Last September, Turning Point, with assistance from World Shelters and the Seabees, coordinated a massive camp overhaul. Today River Haven can house up to twenty-five residents in clean polypropylene domes and provide them with important social services aimed at getting camp residents back on their feet.
Jeff Schettler, River Haven's Residential Site Manager, explained to the group how he once worked for K-mart and Target before getting laid off and discovering he was homeless. Shuffling from campsite to campsite, Schettler eventually learned about River Haven and applied to be a resident. He now has several part-time jobs, including his work at the camp.
SHORE (Supportive Housing Opportunities in a Residential Environment) opened last November and contains fifteen units of permanent supportive housing where families and individuals can find the support they need to make the full transition from homelessness to self-sufficiency.

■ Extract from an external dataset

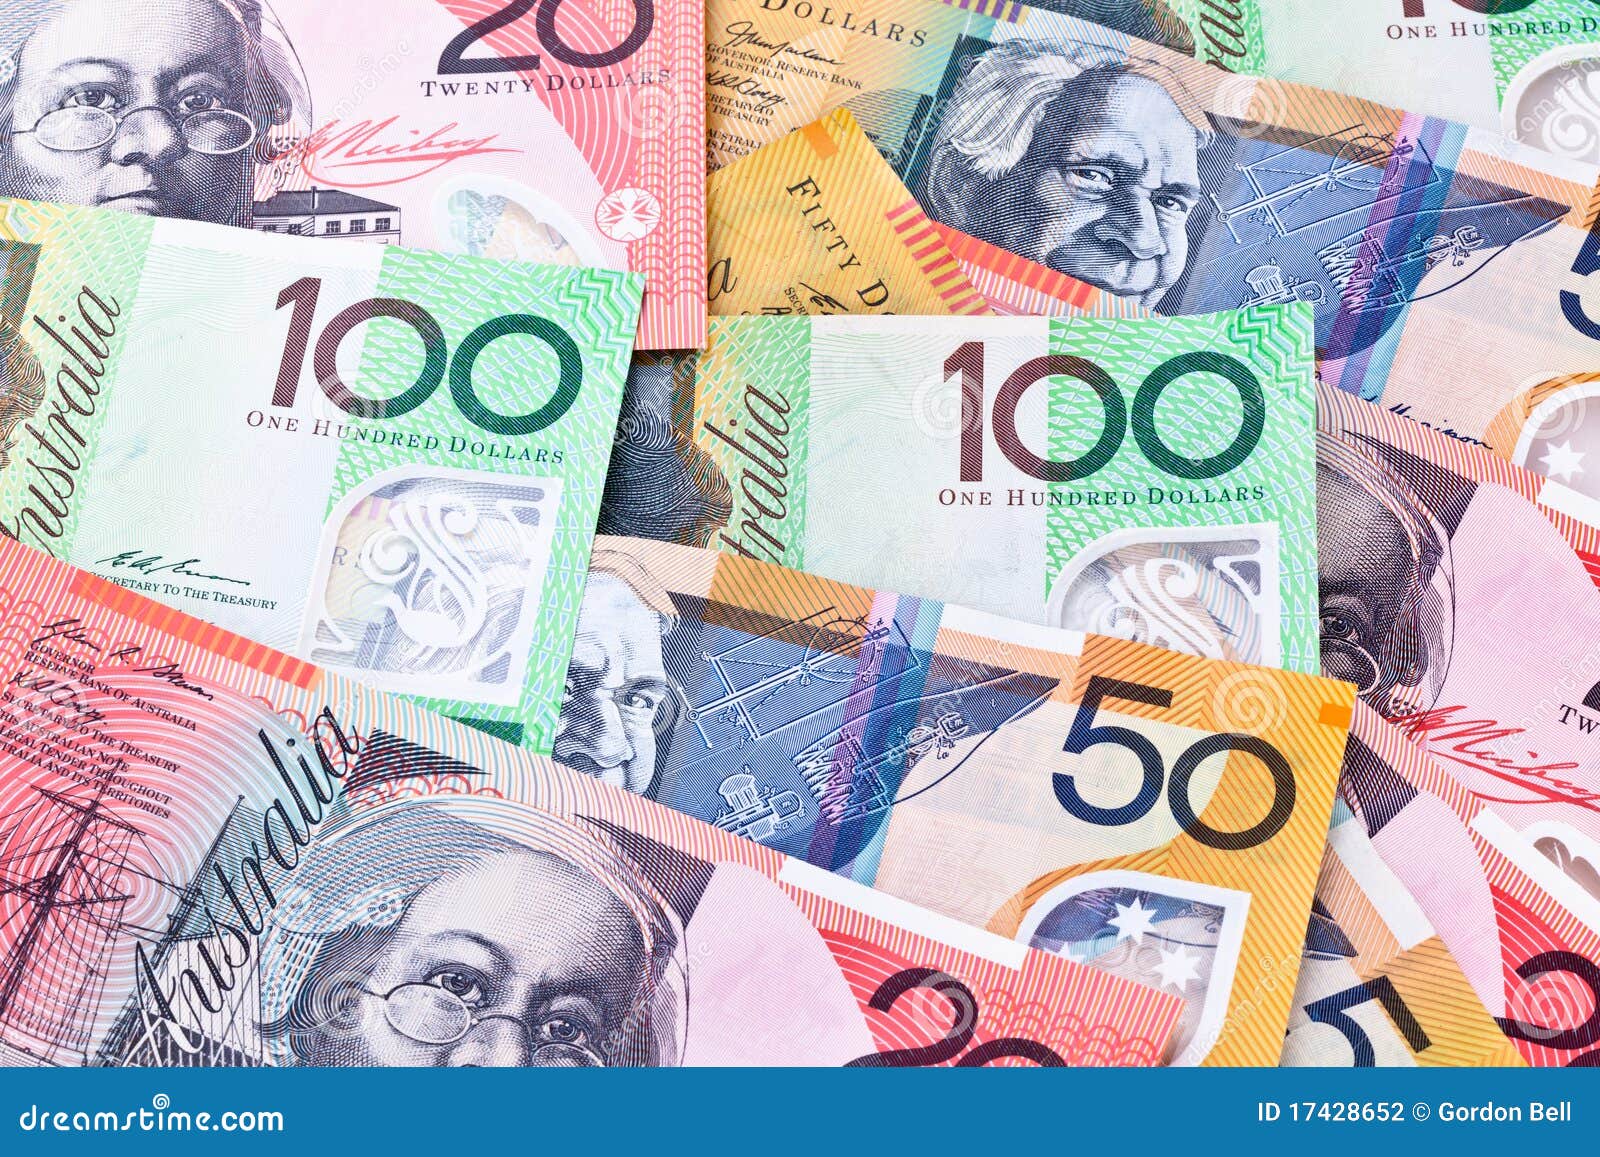 Австралийская валюта. Австралийский доллар. Валюта Австралии. Австралийский доллар фото. Австралийский доллар рисунок.

Donald Sommerfield, a SHORE resident, described his own encounter with homelessness, which included living for a period of time in both a tent and a car. Being homeless for a year, Sommerfield survived through determination and the support of family and friends. When SHORE opened, he applied and now lives in one of their apartment units.
Sommerfield, a freelance writer, recently wrote a series of articles for the Ventura County Star about homelessness. In one of these articles, Sommerfield describes how homelessness can be emotionally devastating: "When you had a job and a place to call your own, life was better. But lose one or both and suddenly you're backpedaling, flinching, wondering why the majority of people have turned away from you. That sounds simplistic, but it is often a bitter truth."

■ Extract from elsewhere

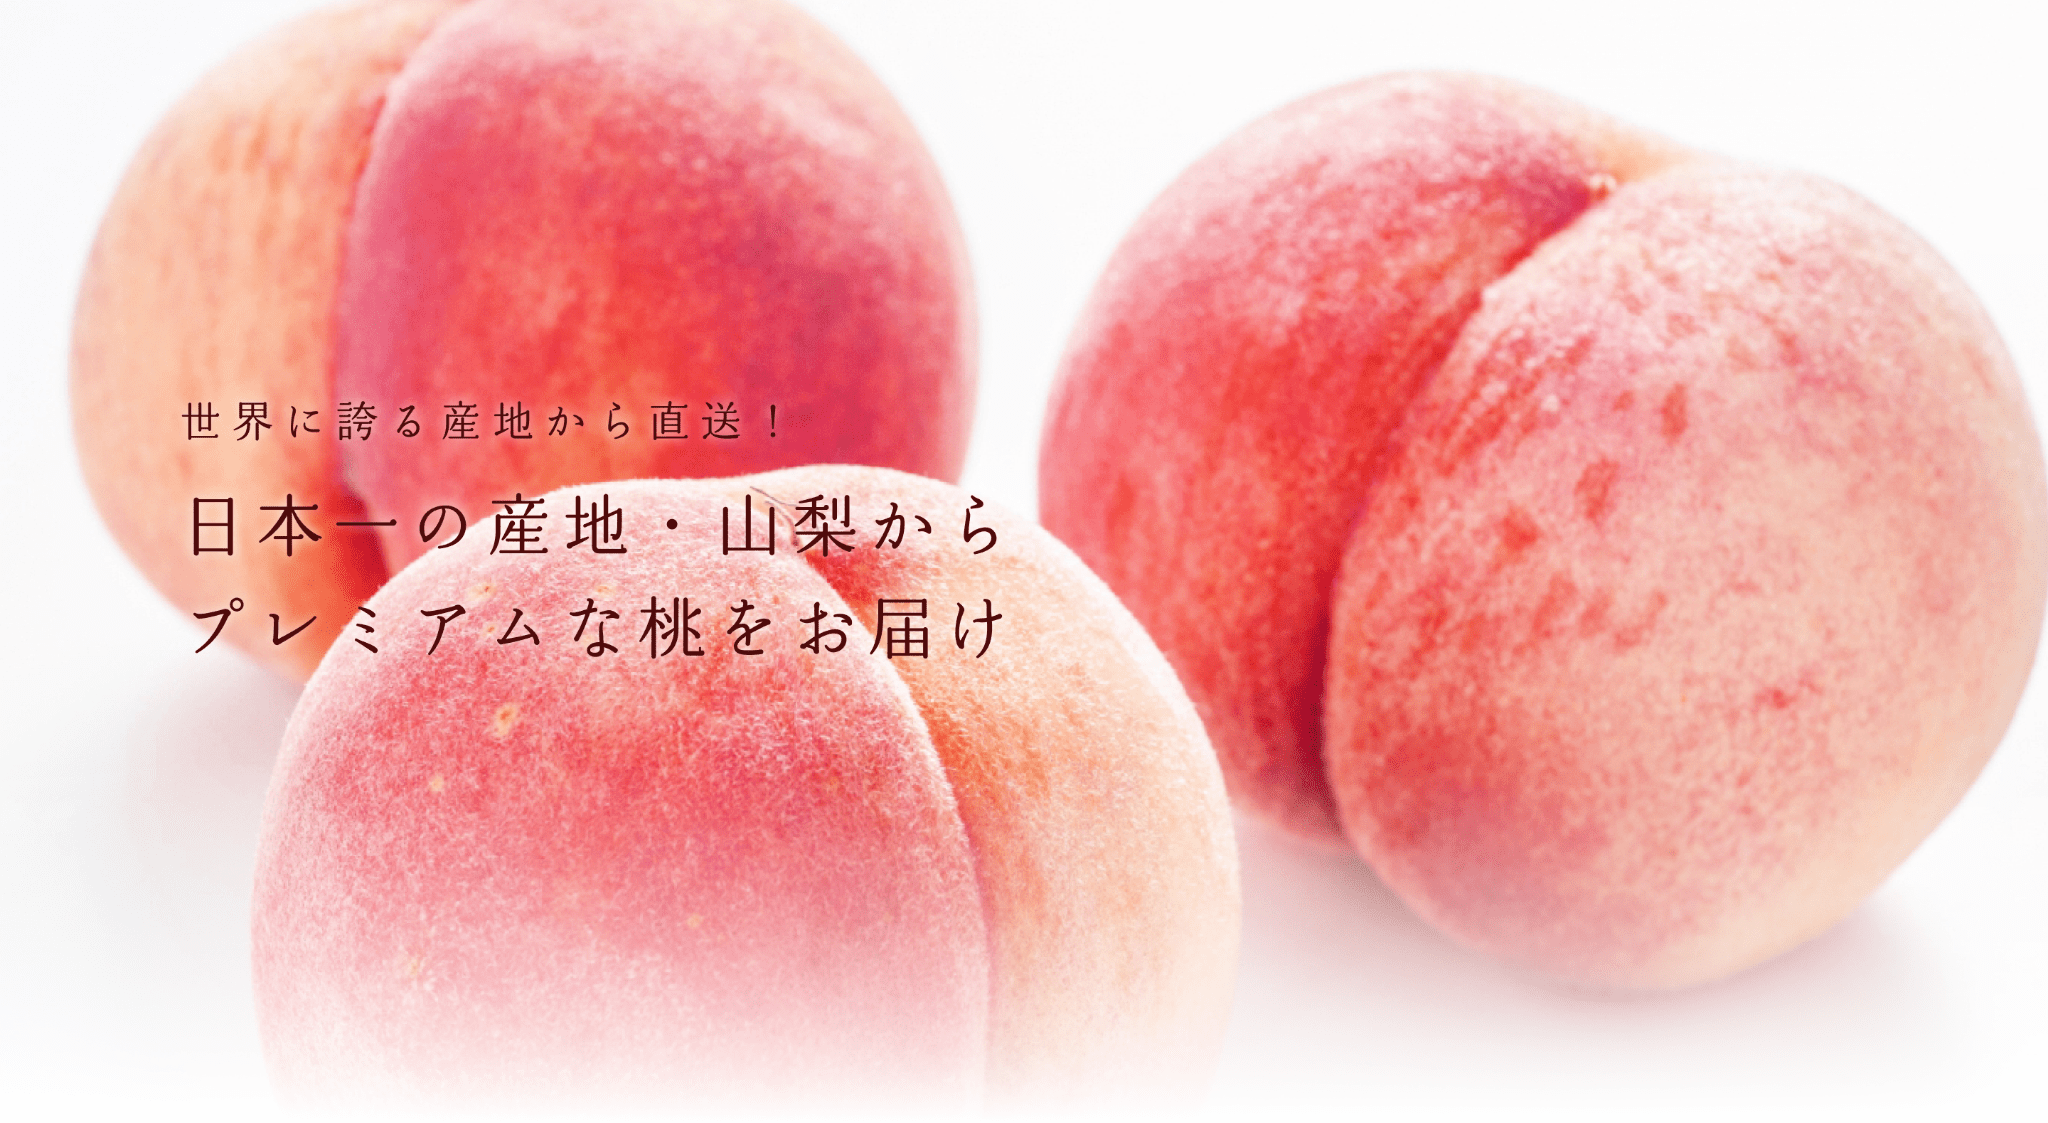 フルーツ山梨の桃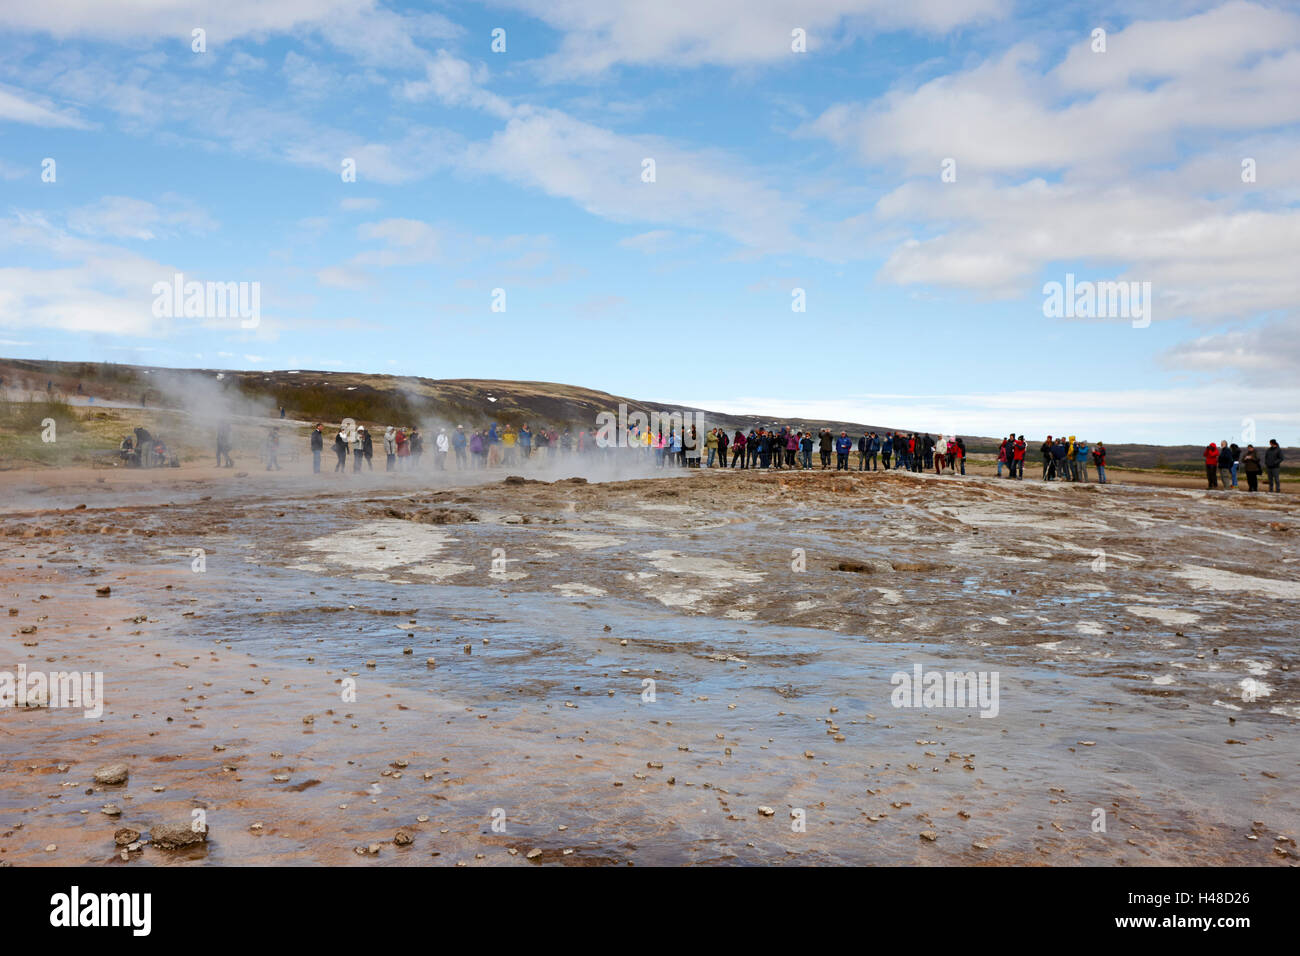 Menschen stehen auf chemischen und geologischen Ablagerungen, verursacht durch Geysir Wasser Überlauf Geysir Island Stockfoto

Reverend Christian thinks that Lift Up Your Voice is most crucial as an advocate for the homeless. For her, the most challenging part of solving the homeless problem is twofold: listening and collaborating. She describes Hidden Ventura and LUYV as an attempt to "change the city culture from why we can't to how we can. It's not us versus them, but all of us in this together."
Hidden Ventura reflects Christian's optimism about human communication. She thinks the challenge of homelessness speaks to other possibilities, not only for solving homelessness, but learning to become a better community.
For now, however, Hidden Ventura is one small step toward opening up dialogue between those who have housing and those who don't. Its basic purpose is reflected in a song by Pink Floyd using a famous quote from physicist Stephen Hawking: "All we need to do is keep talking."
Jeff Schettler, Residential Site Manager for the River Haven Transitional Living Center, explains the history and purpose of the camp to a group of visitors during the Hidden Ventura Tour.